**What the task asks:** Once the line holding "Eeboo Paris in a Day 1000 Piece Puzzle" is found, output it and all remaining lines of the data exactly, with every picture left out.

**Recorded data:**

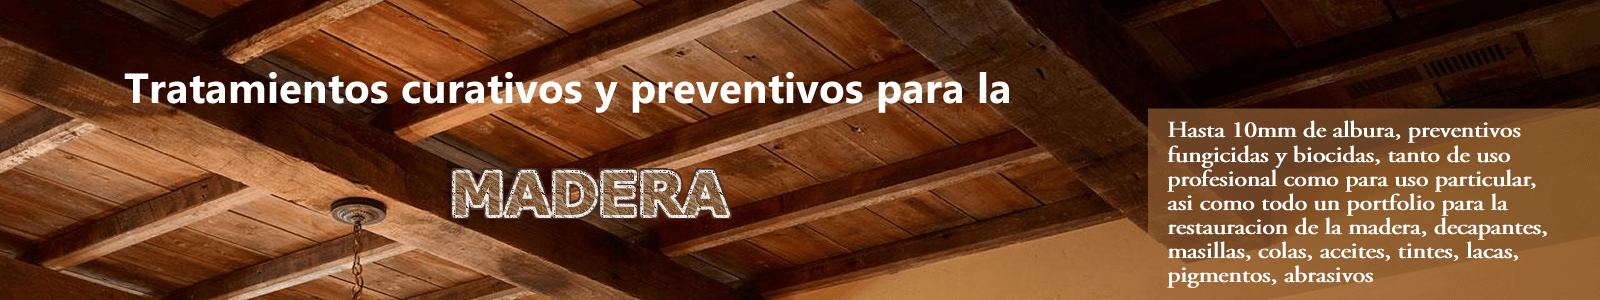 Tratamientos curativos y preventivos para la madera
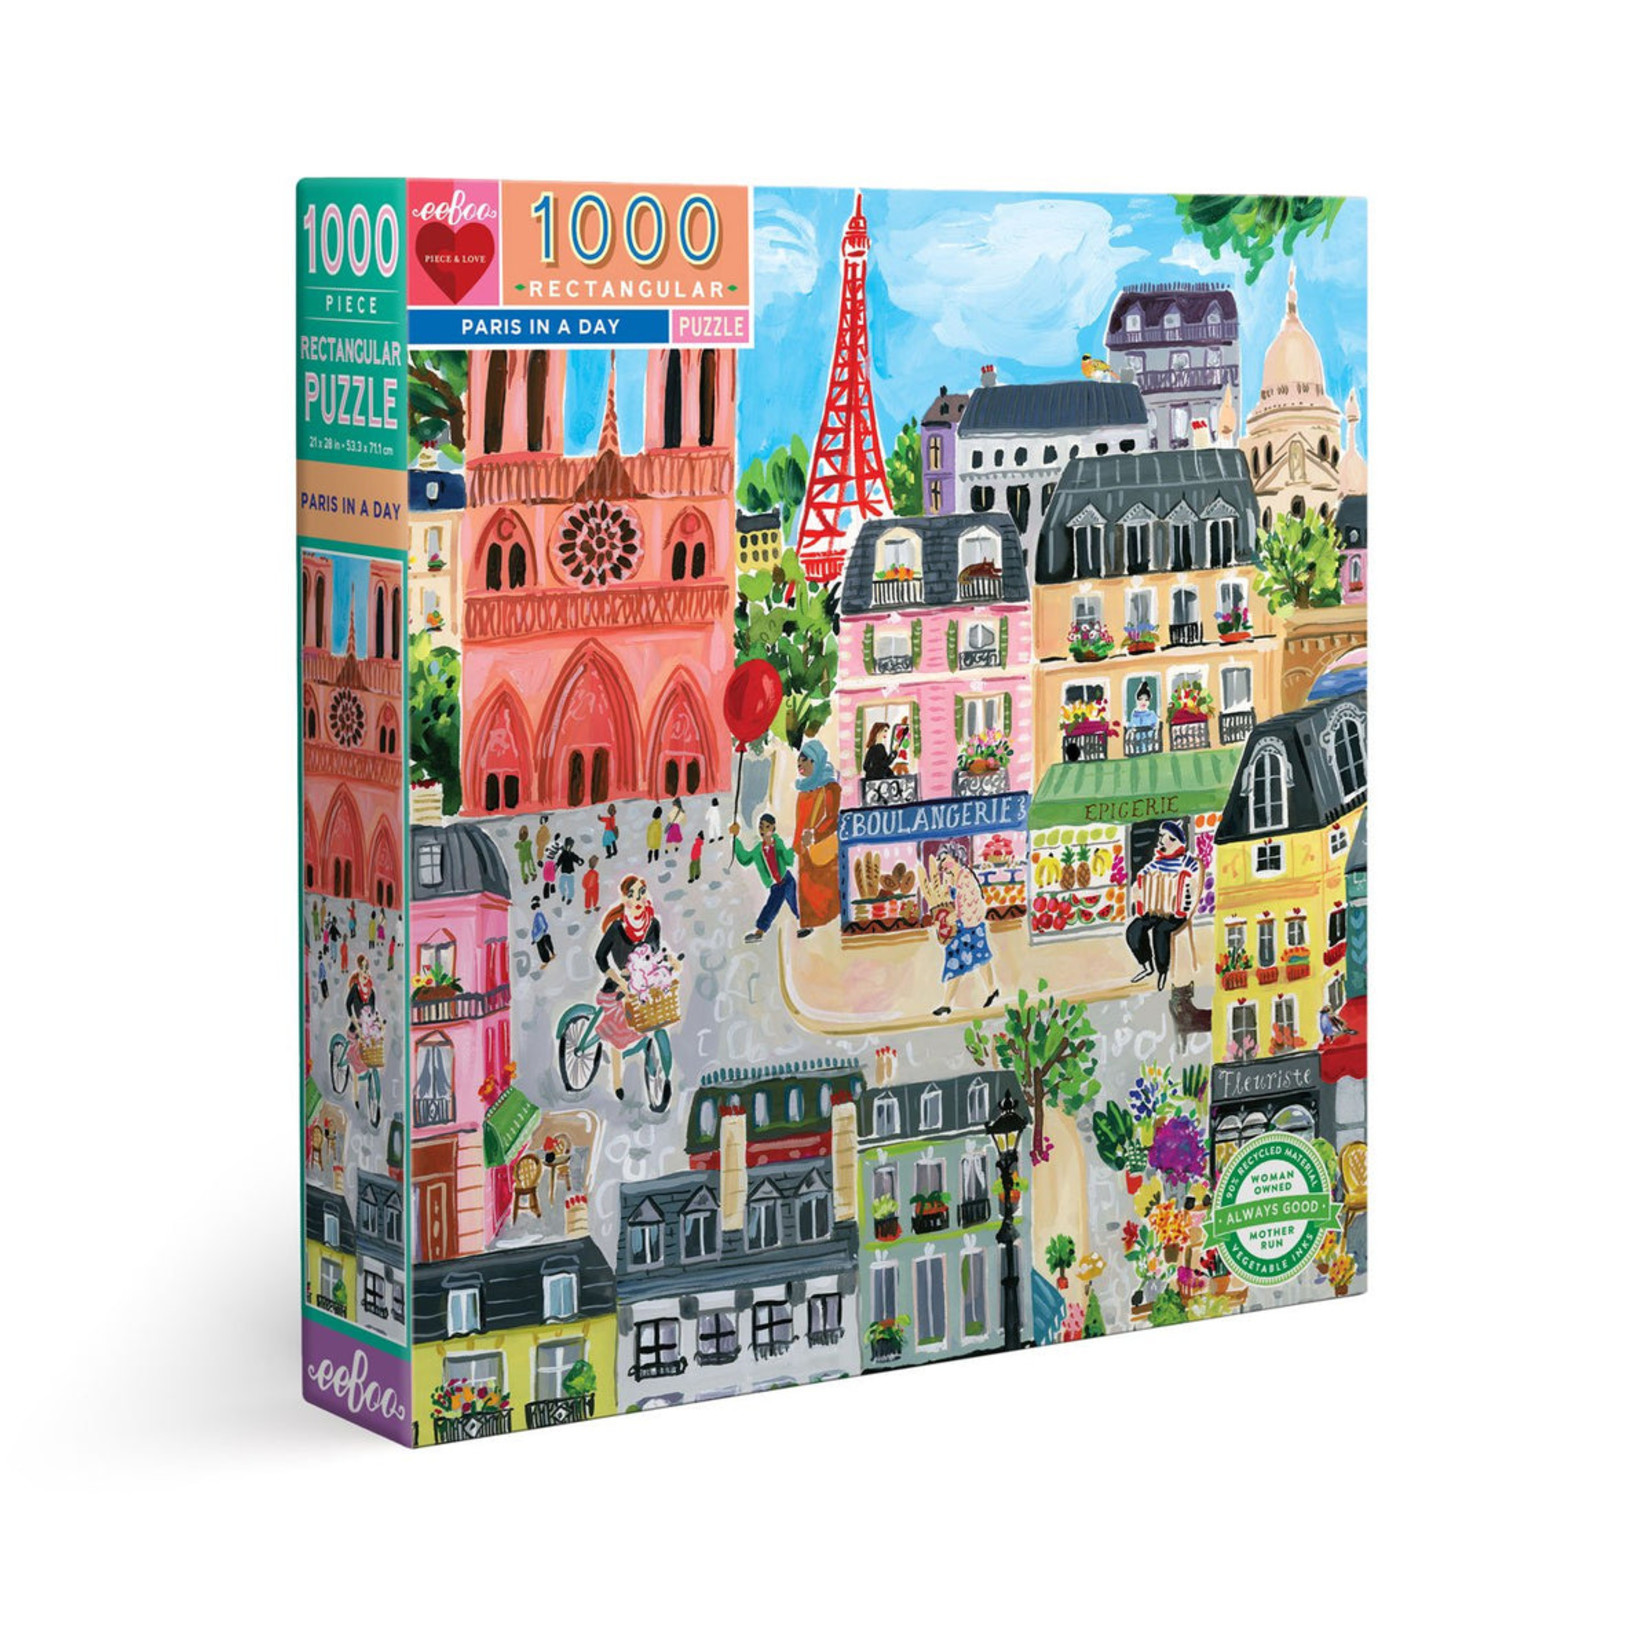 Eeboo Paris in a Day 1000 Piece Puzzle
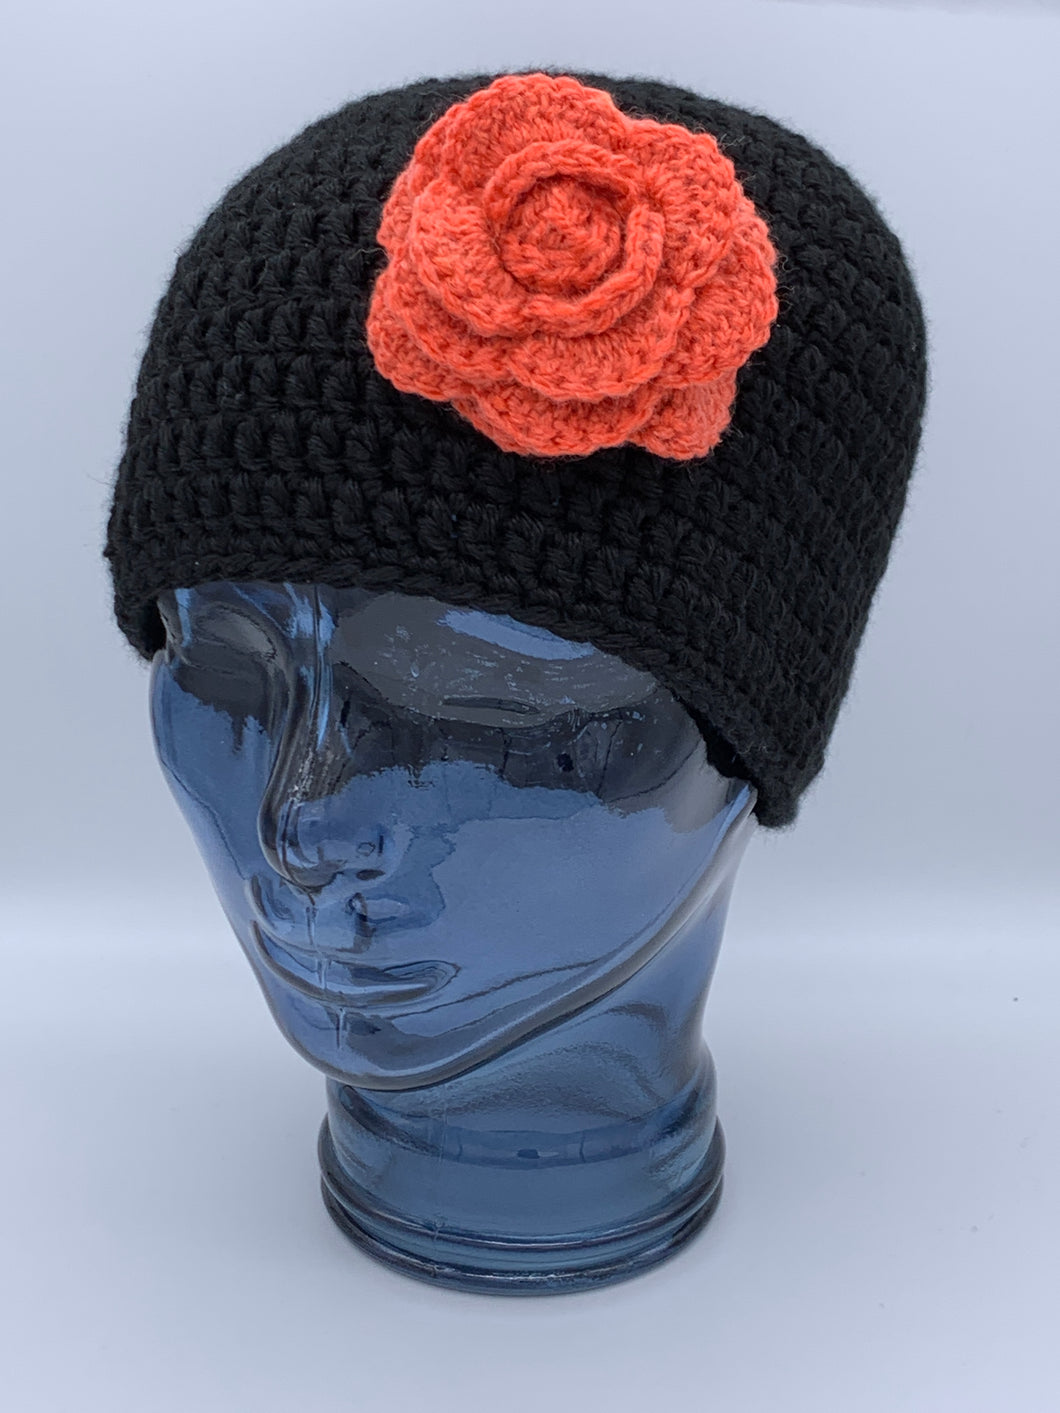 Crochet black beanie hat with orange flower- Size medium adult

**Finished exercise:**
 Eeboo Paris in a Day 1000 Piece Puzzle
 Crochet black beanie hat with orange flower- Size medium adult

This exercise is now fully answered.